Computer Science and Artificial Intelligence Laboratory, Massachusetts Institute of Technology, Cambridge, MA, USA.
Neuroimage. 2011 May 15;56(2):497-507. doi: 10.1016/j.neuroimage.2010.07.074. Epub 2010 Aug 13.
The relationship between spatially distributed fMRI patterns and experimental stimuli or tasks offers insights into cognitive processes beyond those traceable from individual local activations. The multivariate properties of the fMRI signals allow us to infer interactions among individual regions and to detect distributed activations of multiple areas. Detection of task-specific multivariate activity in fMRI data is an important open problem that has drawn much interest recently. In this paper, we study and demonstrate the benefits of random forest classifiers and the associated Gini importance measure for selecting voxel subsets that form a multivariate neural response. The Gini importance measure quantifies the predictive power of a particular feature when considered as part of the entire pattern. The measure is based on a random sampling of fMRI time points and voxels. As a consequence the resulting voxel score, or Gini contrast, is highly reproducible and reliably includes all informative features. The method does not rely on a priori assumptions about the signal distribution, a specific statistical or functional model or regularization. Instead, it uses the predictive power of features to characterize their relevance for encoding task information. The Gini contrast offers an additional advantage of directly quantifying the task-relevant information in a multiclass setting, rather than reducing the problem to several binary classification subproblems. In a multicategory visual fMRI study, the proposed method identified informative regions not detected by the univariate criteria, such as the t-test or the F-test. Including these additional regions in the feature set improves the accuracy of multicategory classification. Moreover, we demonstrate higher classification accuracy and stability of the detected spatial patterns across runs than the traditional methods such as the recursive feature elimination used in conjunction with support vector machines.

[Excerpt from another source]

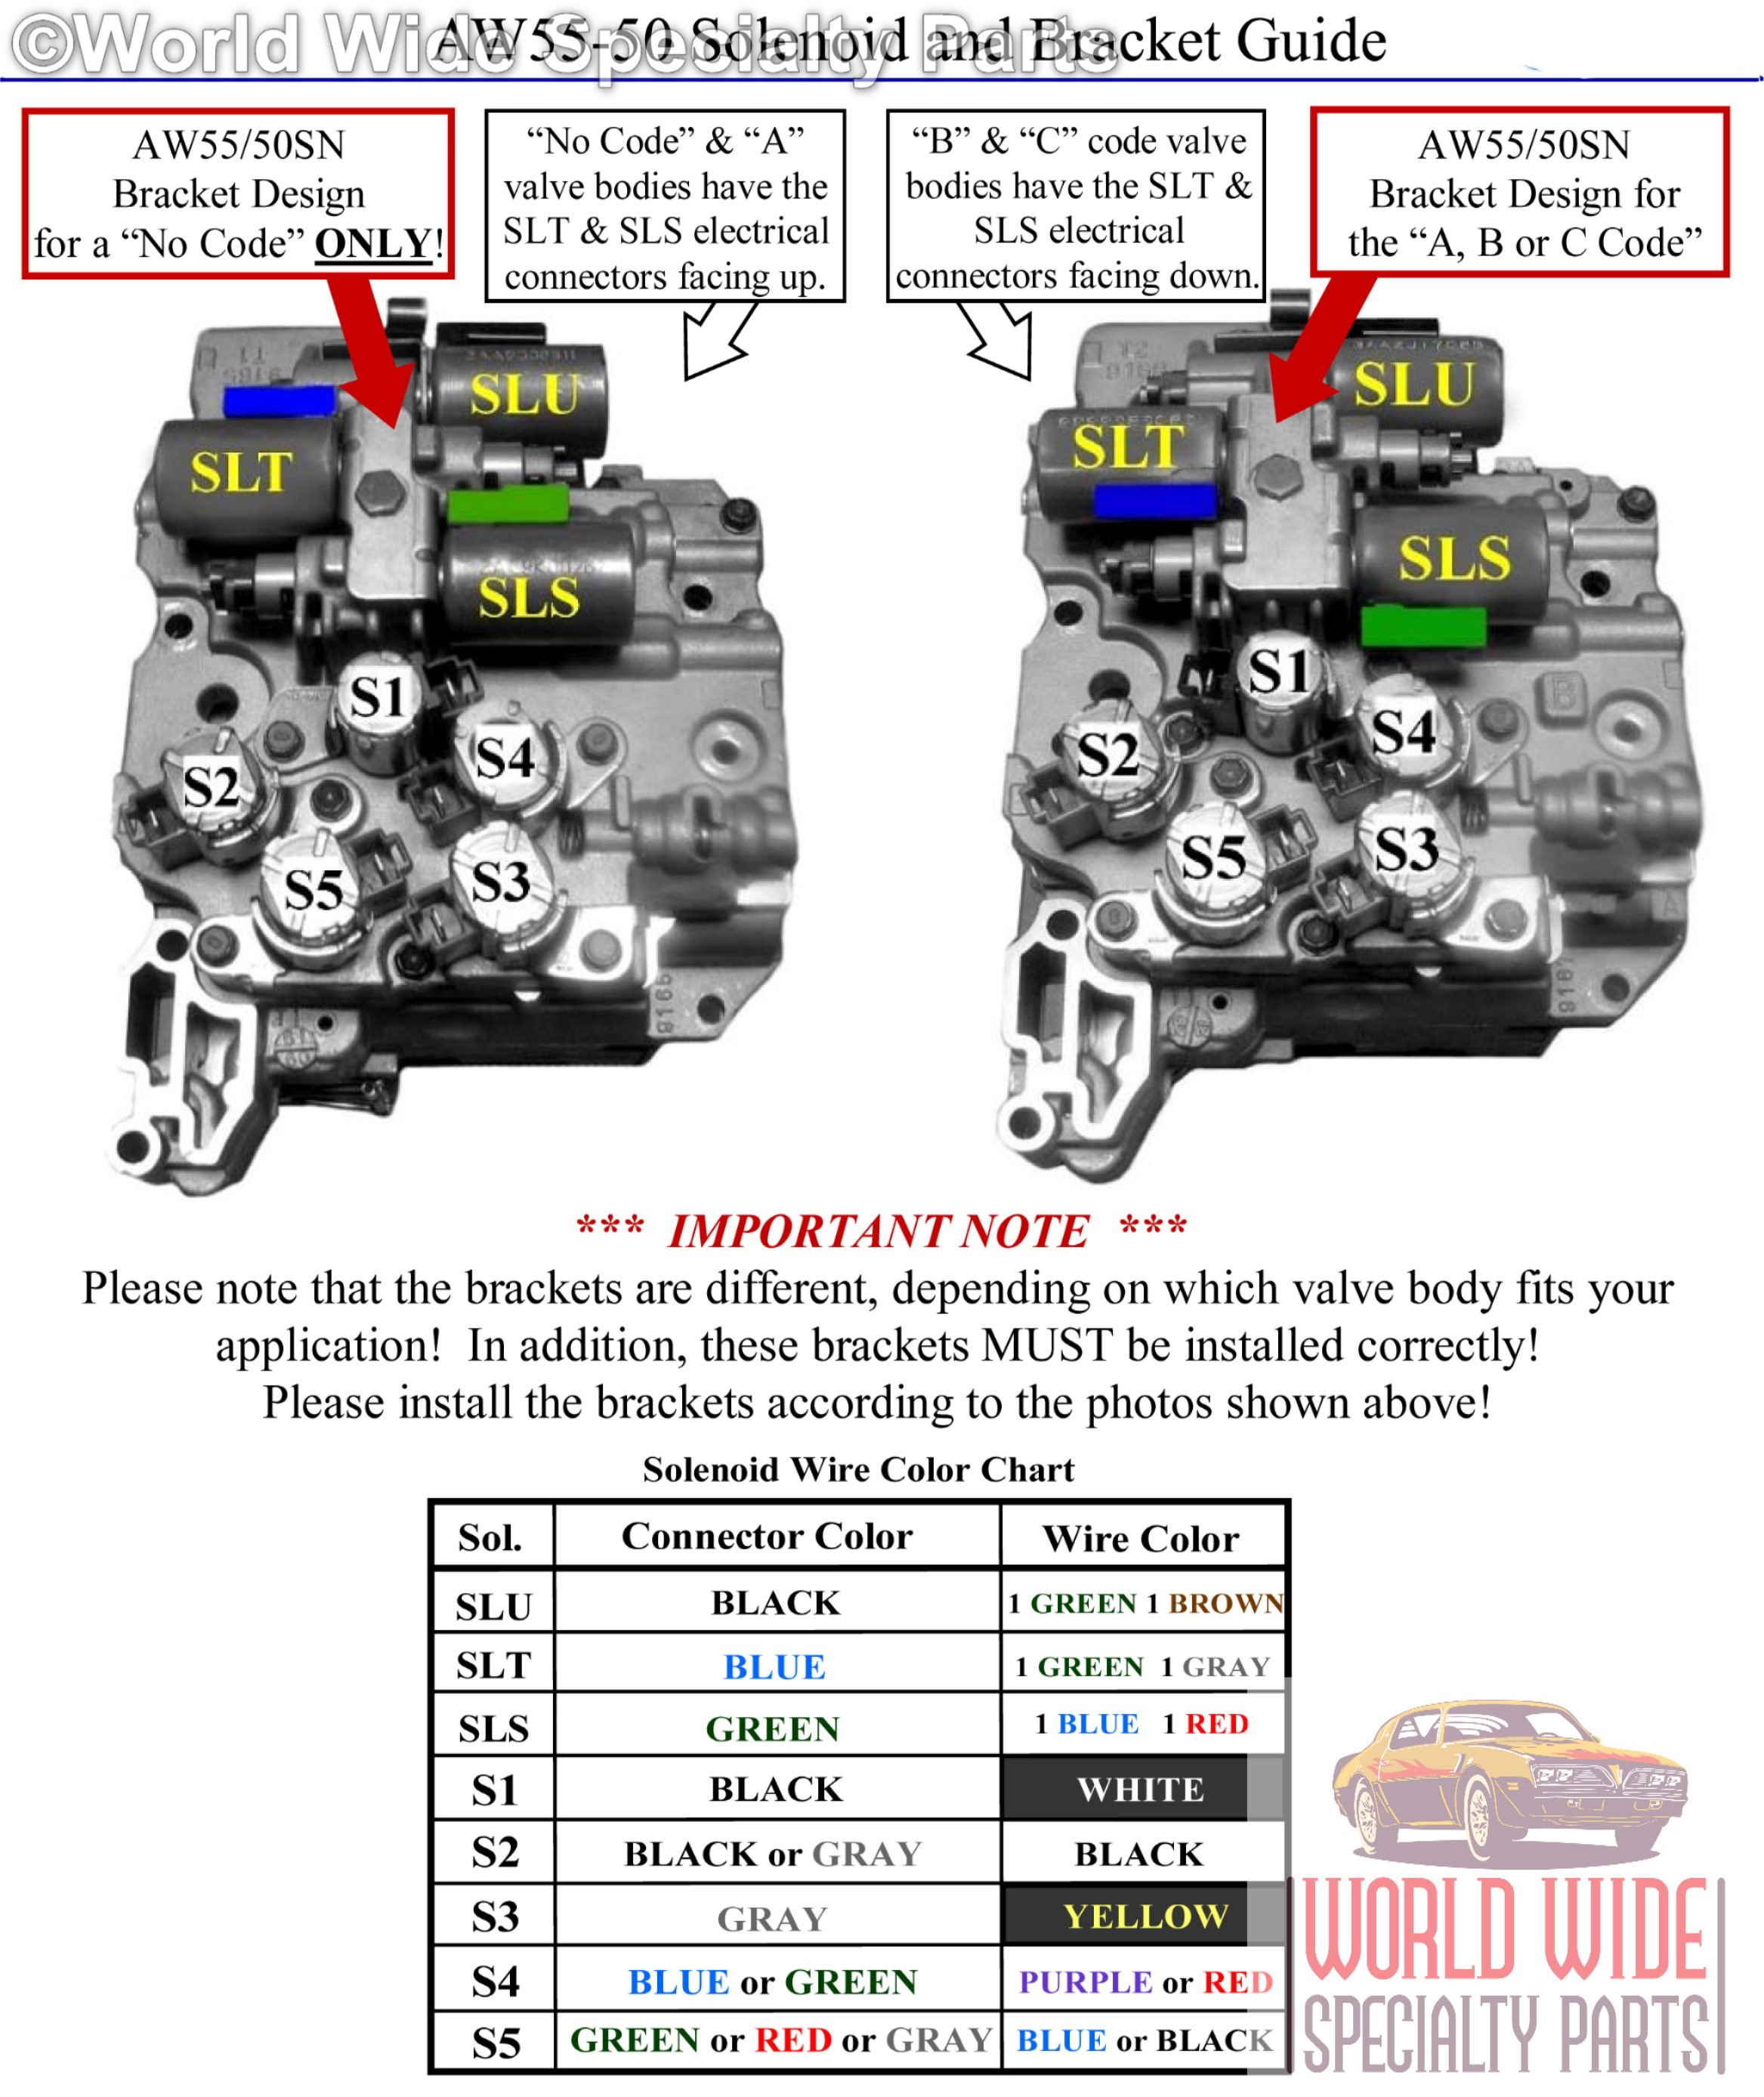 Fits Nissan Re5f22a Aw55 50sn Valve Body 2005 Up Lifetime Warranty Rh Ebay  Com Nissan Transmission Valve Body Nissan Transmission Valve Body

fMRI 模式的空间分布与实验刺激或任务之间的关系提供了对认知过程的深入了解,这些认知过程超出了可从个体局部激活中追踪到的范围。fMRI 信号的多元特性允许我们推断个体区域之间的相互作用,并检测多个区域的分布式激活。在 fMRI 数据中检测特定于任务的多元活动是一个重要的开放性问题,最近引起了广泛关注。在本文中,我们研究并展示了随机森林分类器和相关基尼重要性度量的优势,用于选择形成多元神经反应的体素子集。基尼重要性度量量化了特定特征在作为整个模式的一部分时的预测能力。该度量基于 fMRI 时间点和体素的随机抽样。因此,得到的体素得分或基尼对比度高度可重复,并且可靠地包含所有有用的特征。该方法不依赖于关于信号分布、特定统计或功能模型或正则化的先验假设。相反,它使用特征的预测能力来描述其对编码任务信息的相关性。基尼对比度提供了另一个优势,即在多类设置中直接量化与任务相关的信息,而不是将问题简化为几个二进制分类子问题。在多类别视觉 fMRI 研究中,所提出的方法识别了单变量标准(例如 t 检验或 F 检验)未检测到的信息丰富的区域。在特征集中包含这些额外的区域可以提高多类别分类的准确性。此外,我们证明了与传统方法(例如与支持向量机结合使用的递归特征消除)相比,检测到的空间模式在跨运行中的分类准确性和稳定性更高。